For each set of experiments we used a 2k factorial design, with k=5 experimental factors. Each factor consists of two levels.12 13 Since our primary objective is to determine how the experimental noise factors affect the accuracy of detecting gene expression, the appropriate basic response variable considered for analysis is the absolute difference between the detected (estimated) and the true expression ratio at each spot. Because the distribution of these measurements tends to have a long right tail, we therefore analyze the response variable in the log-log scale for the analysis of variance model.12 More precisely, a constant 1 has been added to a response before taking the log transformation.

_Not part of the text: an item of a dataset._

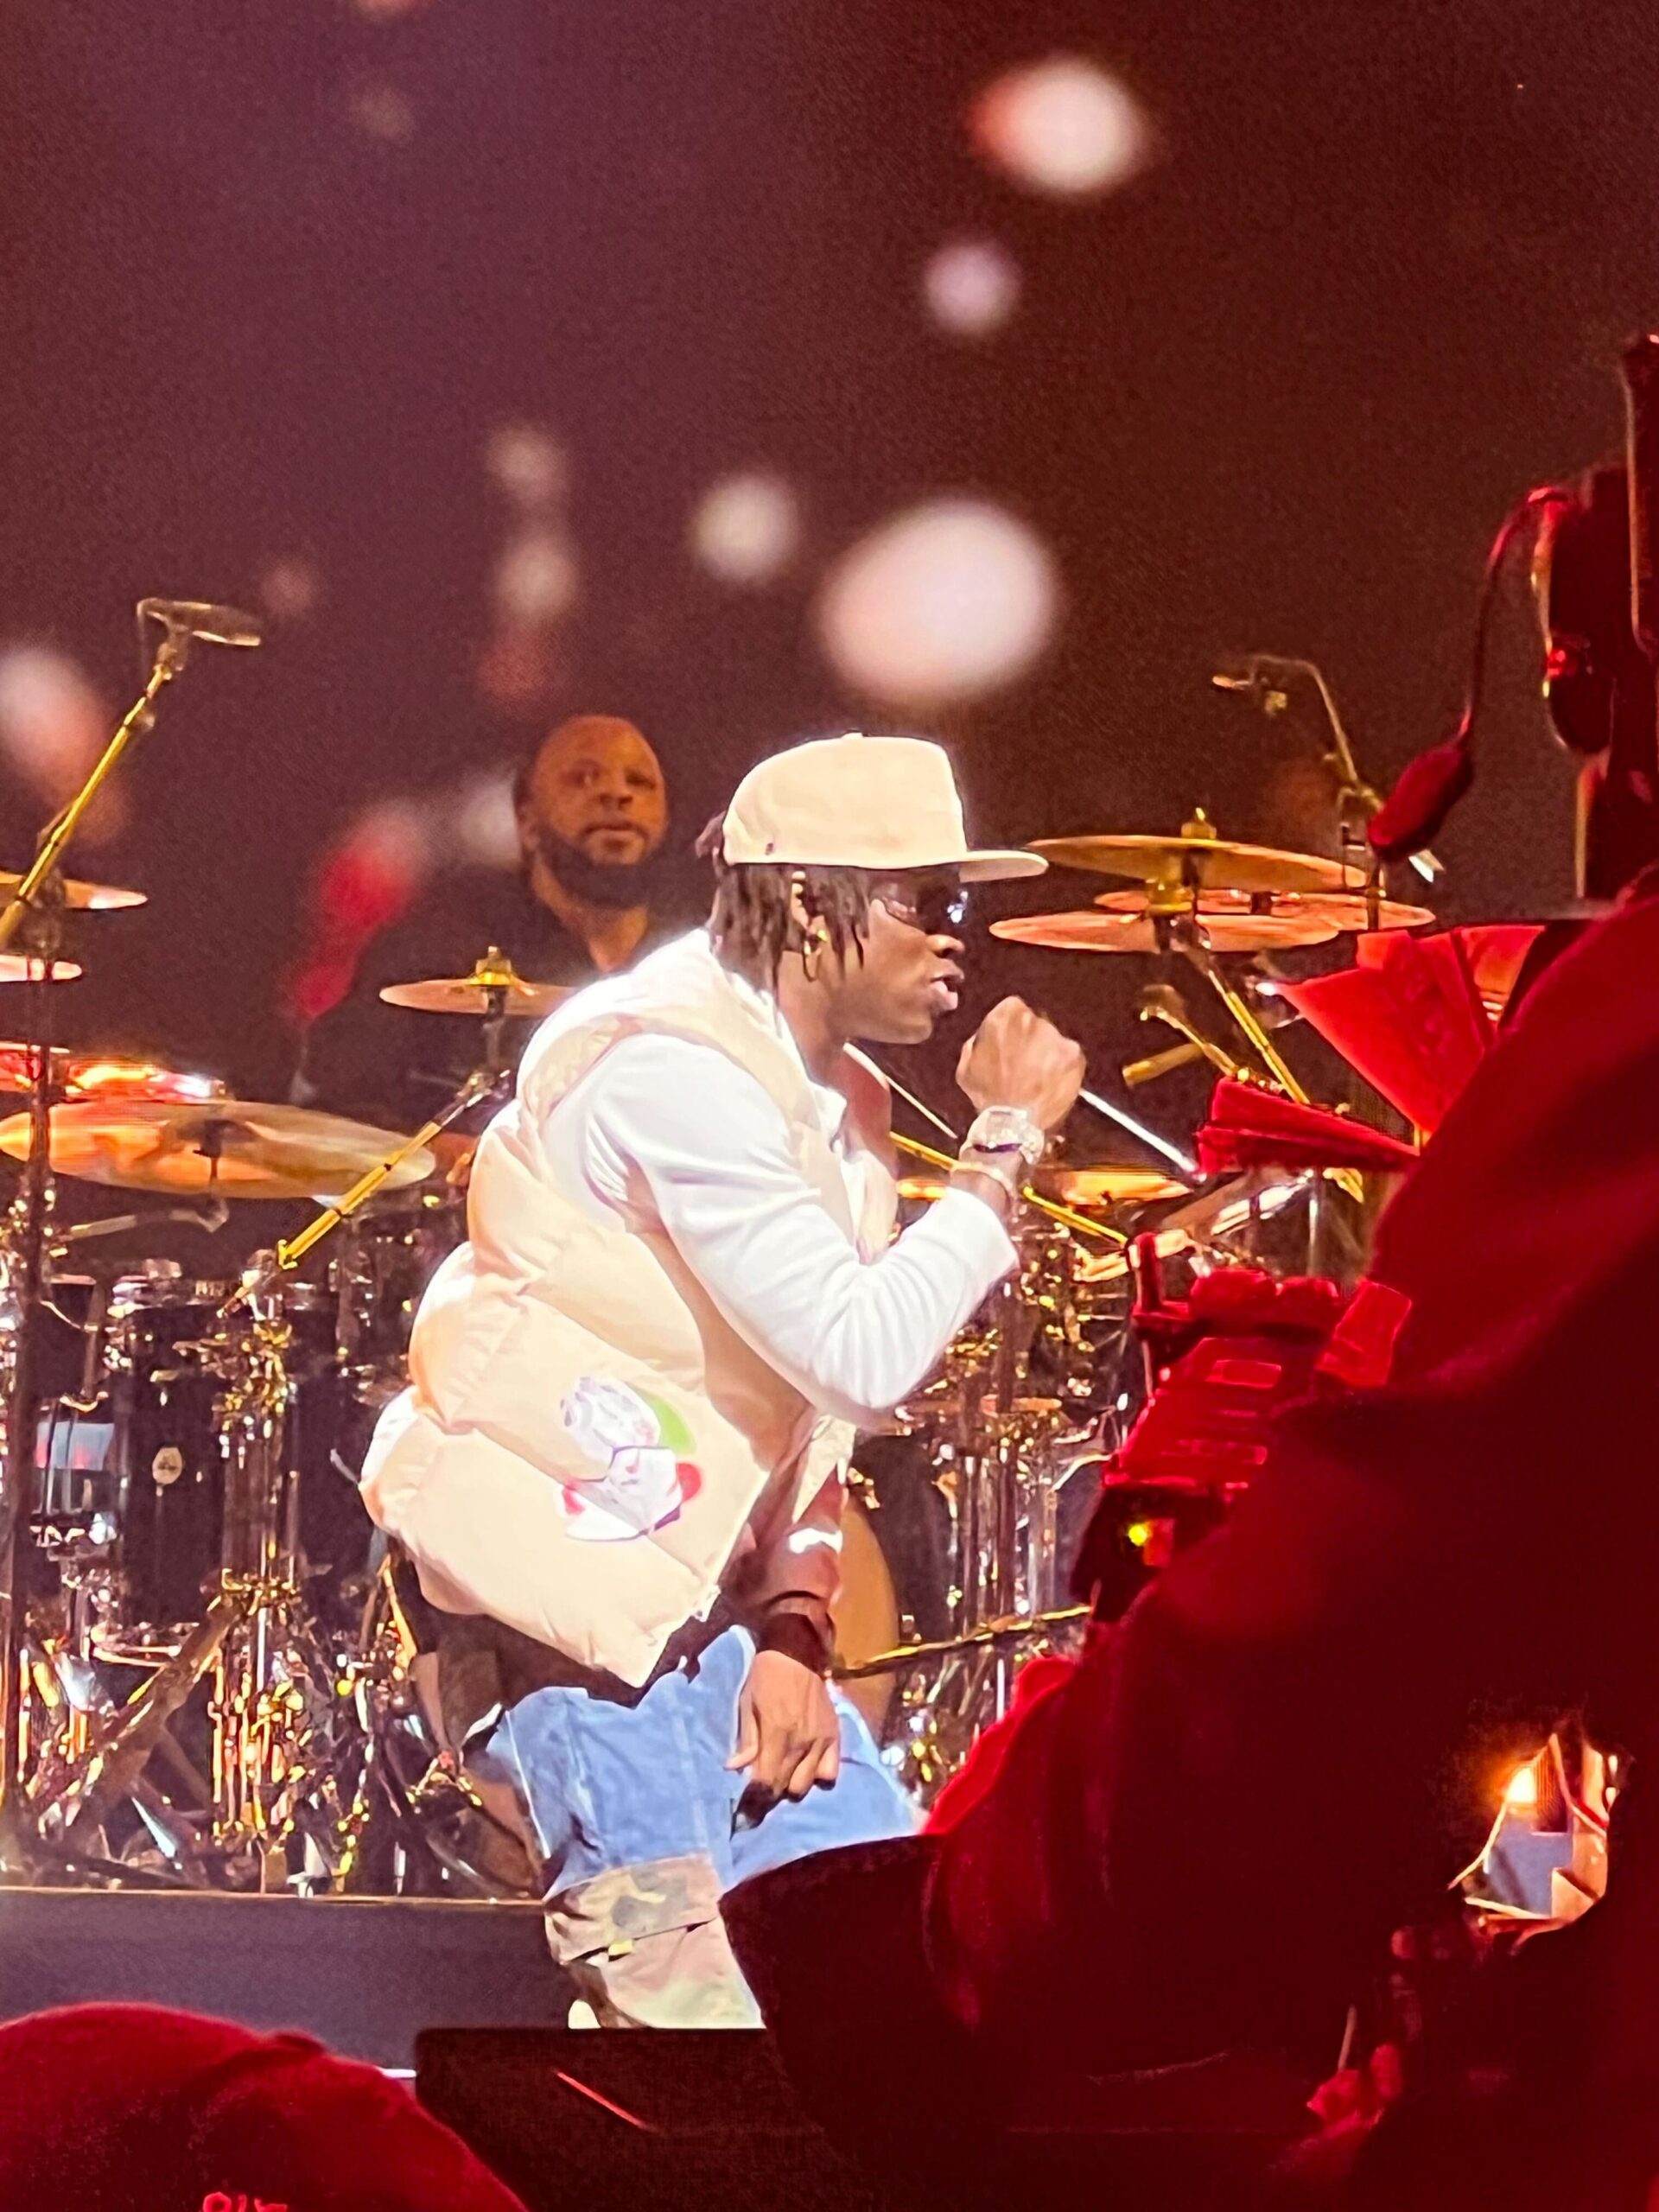 Nigerian Singers, Tems, Burna Boy and Rema Perform at the NBA all-star game (Video)

The goal here is to reduce the potential dominating influence from extremely large responses, yet not to dramatically increase the transformed absolute differences when the true expression ratios are close to 0, noting that log (0) goes to negative infinite. Here, taking a different transformation can be viewed as evaluating the responses at different scales. One advantage of considering the absolute difference rather than the original difference, beyond its being a meaningful measurement, is that the responses are now all positive so that regardless of what monotone transformation is taken, the relative order among responses is kept. Because of that, even though the outcomes are not transformation invariant among nonlinear monotone transformations, they are less sensitive toward the choice of transformation. In fact, we have conducted analyses using other concave transformations as well as rank-based methods, in which cases the conclusion of the analysis remains unchanged.

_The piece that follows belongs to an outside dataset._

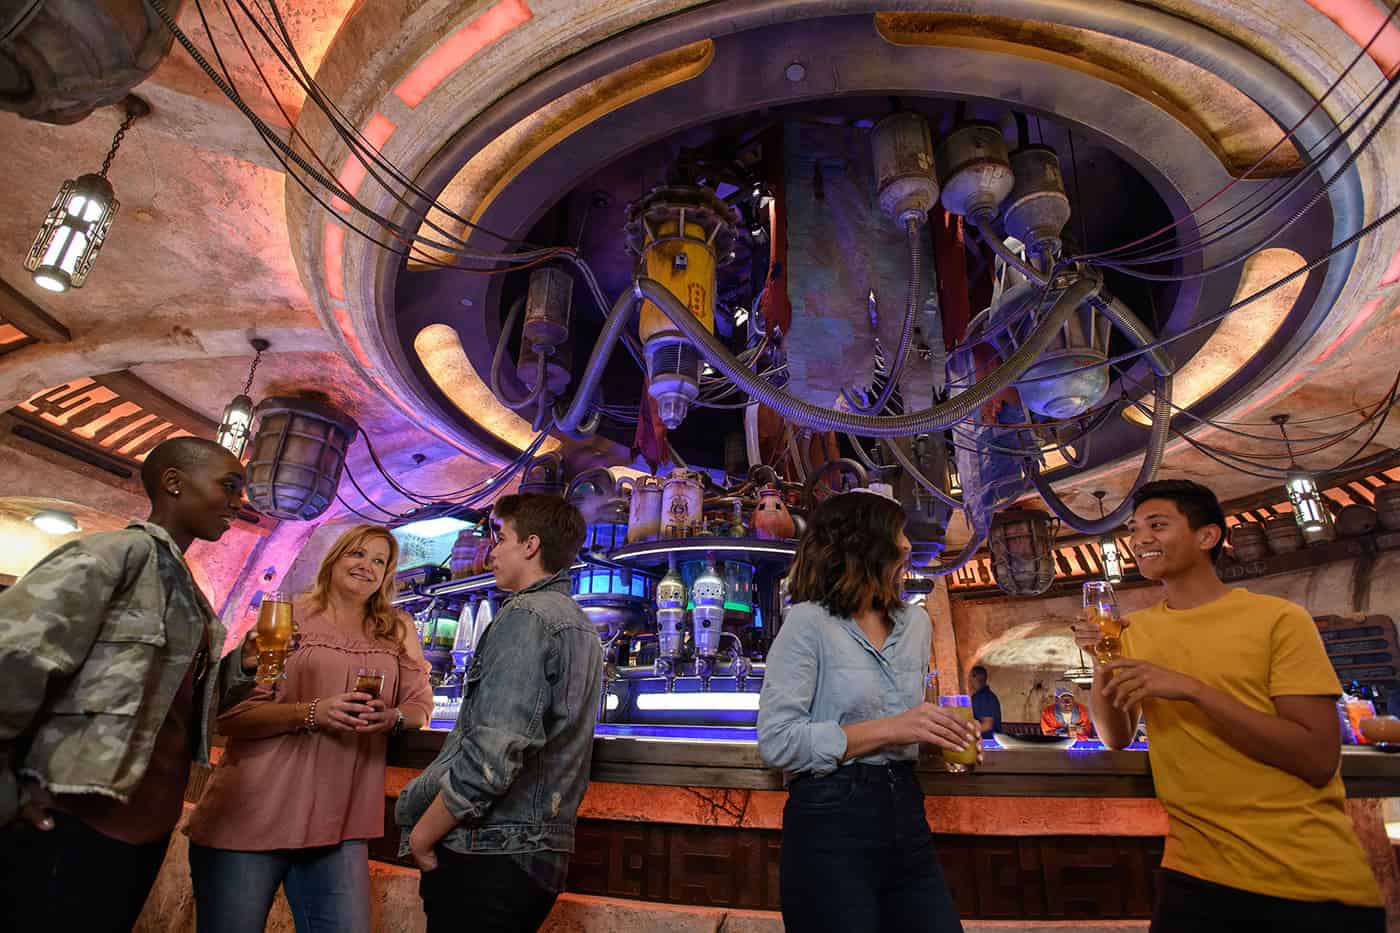 A few adults hanging out in Oga's Cantina in Star Wars Land

To further avoid the situation that outlying observations have a dominating influence on the estimated main or interaction effects, we adopt the following screening procedure in our analysis. First, data points with an estimated expression ratio larger than 30 are excluded from the analysis. Such high-ratio points are often excluded in practice. Second, we have performed a regular least-squares estimation procedure12 and produced studentized residuals12 for each observation. A data point with an absolute studentized residual greater than 4 is considered as an extreme outlying observation and is further excluded from the main analysis. The chance of having an absolute studentized residual greater than 4 is less than 10−4 (for normally distributed data). The use of studentized residuals gives us a statistically meaningful way to exclude points with very high estimated ratios without requiring a subjective cutoff point lower than 30. This two-part screening procedure eliminates about 1 of the total observations in each experiment.

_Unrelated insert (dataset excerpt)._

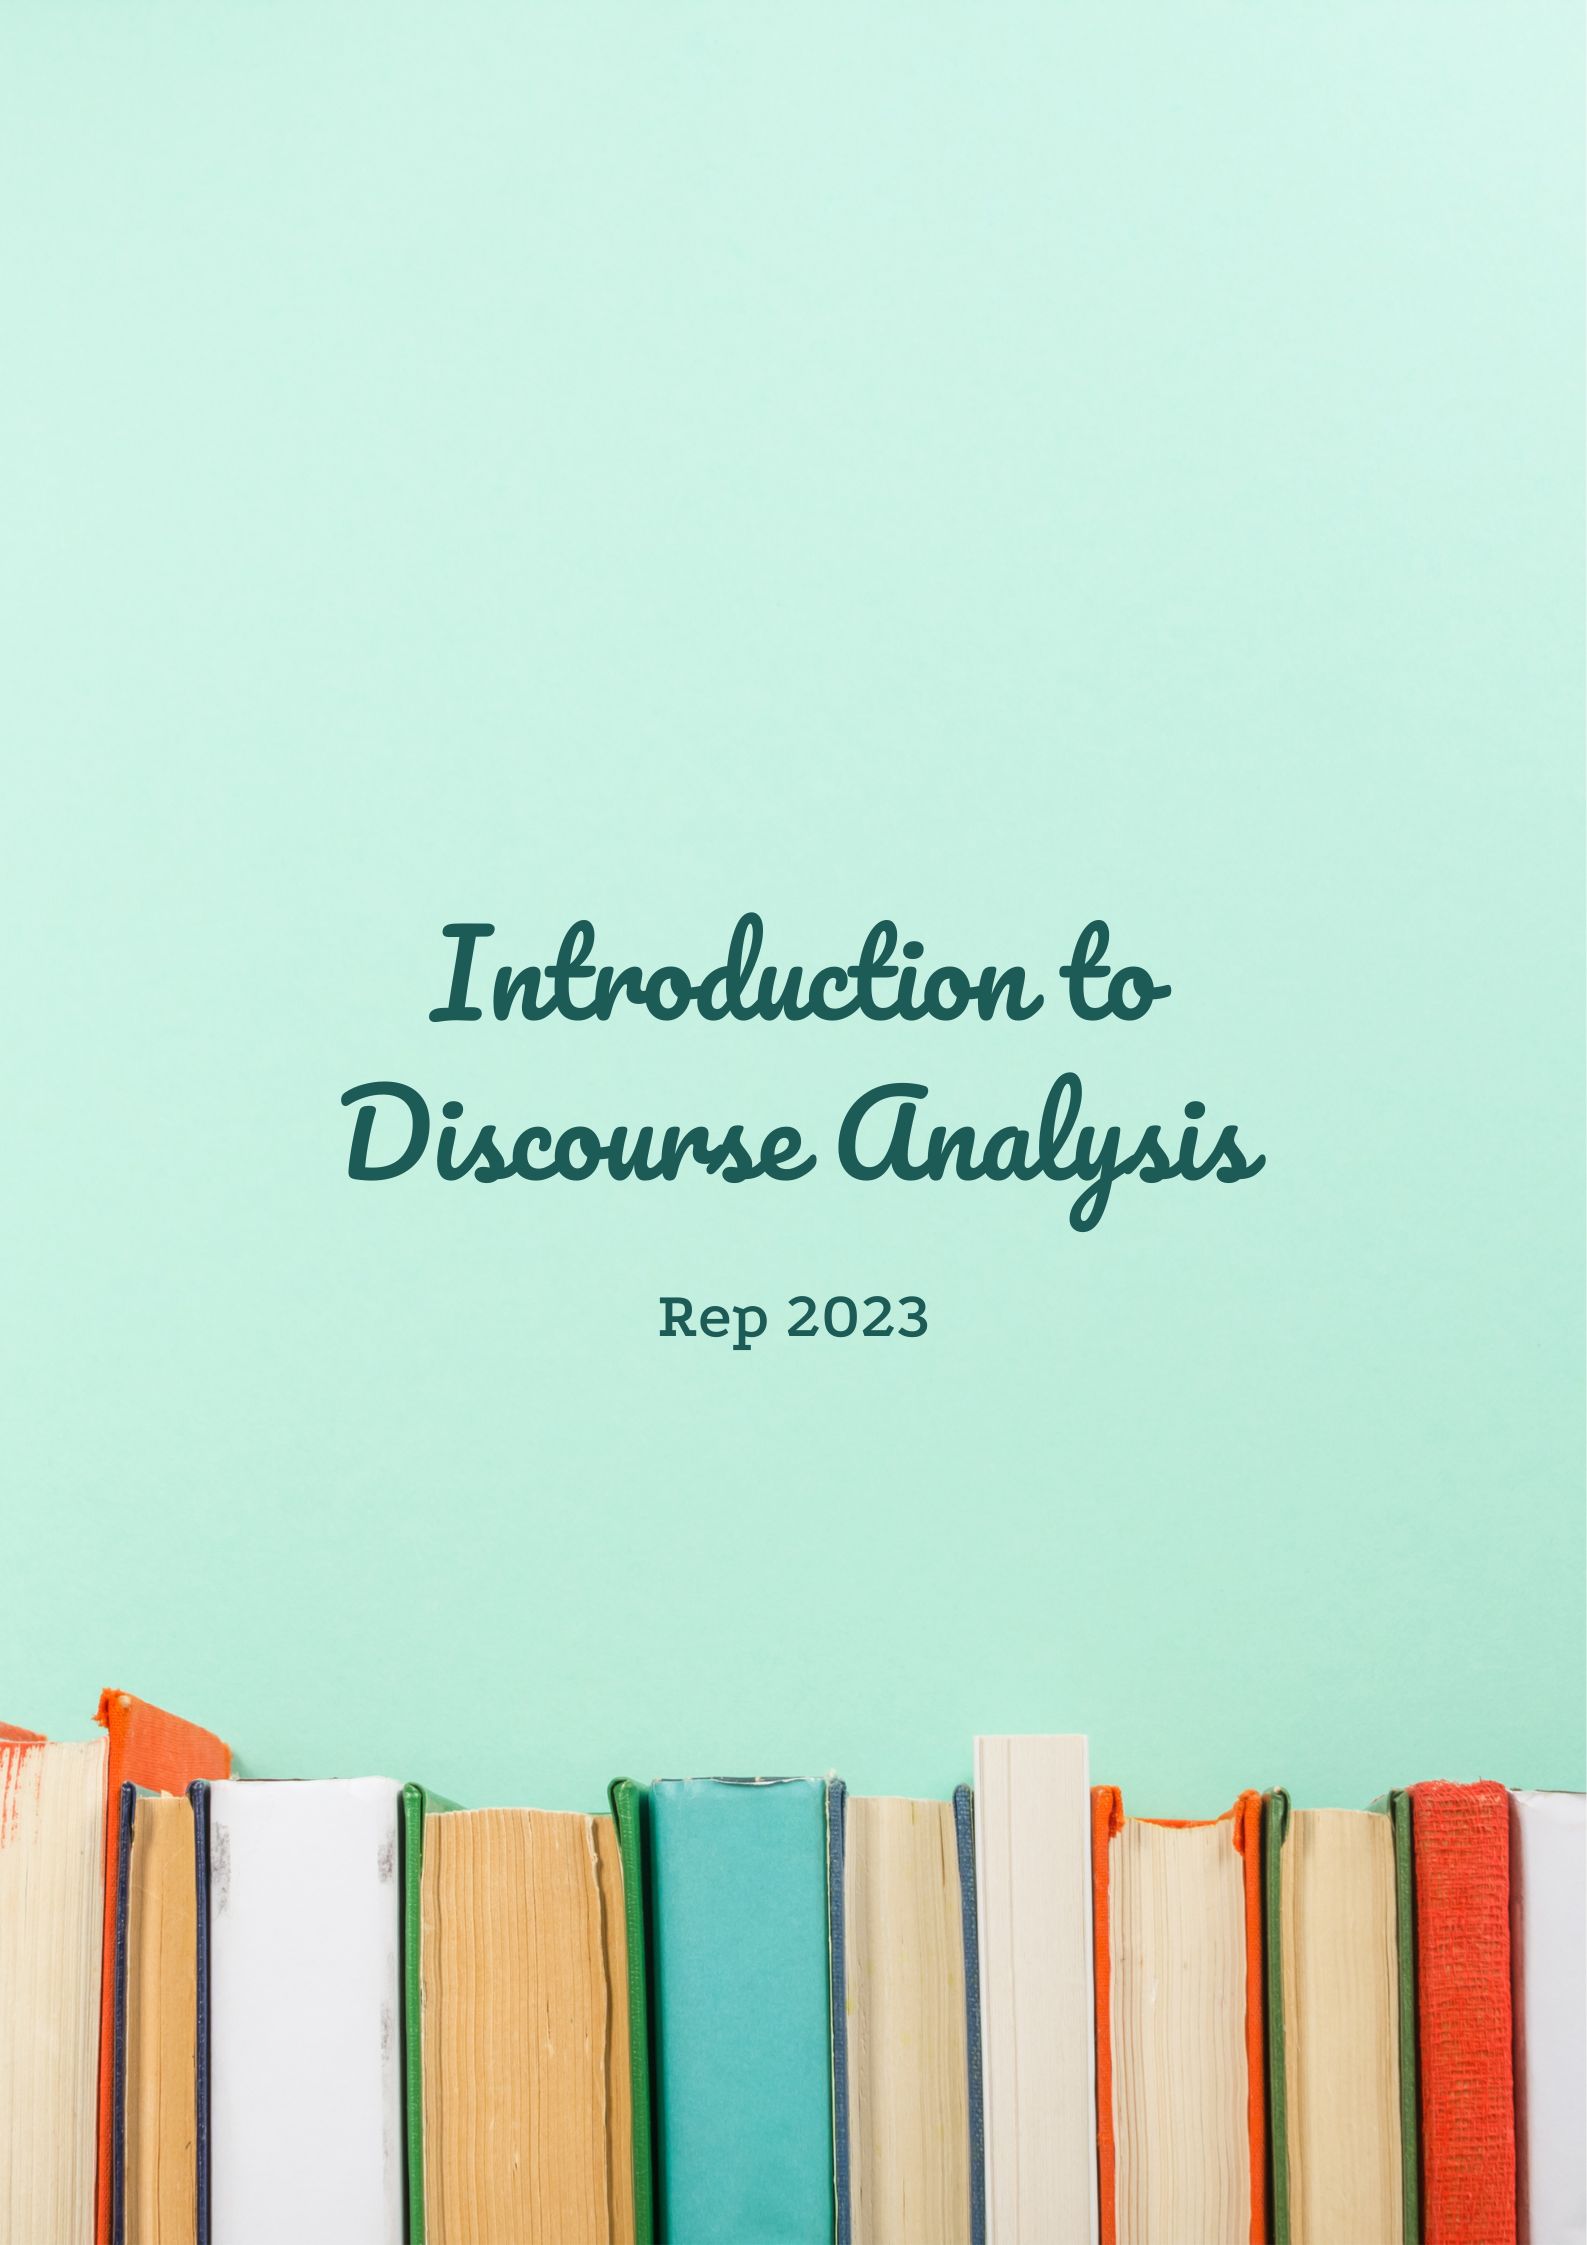 Introduction to Discourse Analysis_Rep

We fit an analysis-of-variance model with main effects, two-way, and three-way interactions to the remaining data. Results for the main effects and two-way interactions based on F-tests are obtained. We test the significance of the five main affects and all ten first-order interactions simultaneously for each experiment. Thus, we have a total of 15 hypothesis tests per experiment. We use the Bonferonni adjustment12 to control the family wise error rate (FWER) in multiple testing (testing main and first-order interactions). At α=0.05 level, this gives 0.0033 as the significance threshold for each test. Thus, the probability of erroneously rejecting any null hypothesis is controlled at 0.05.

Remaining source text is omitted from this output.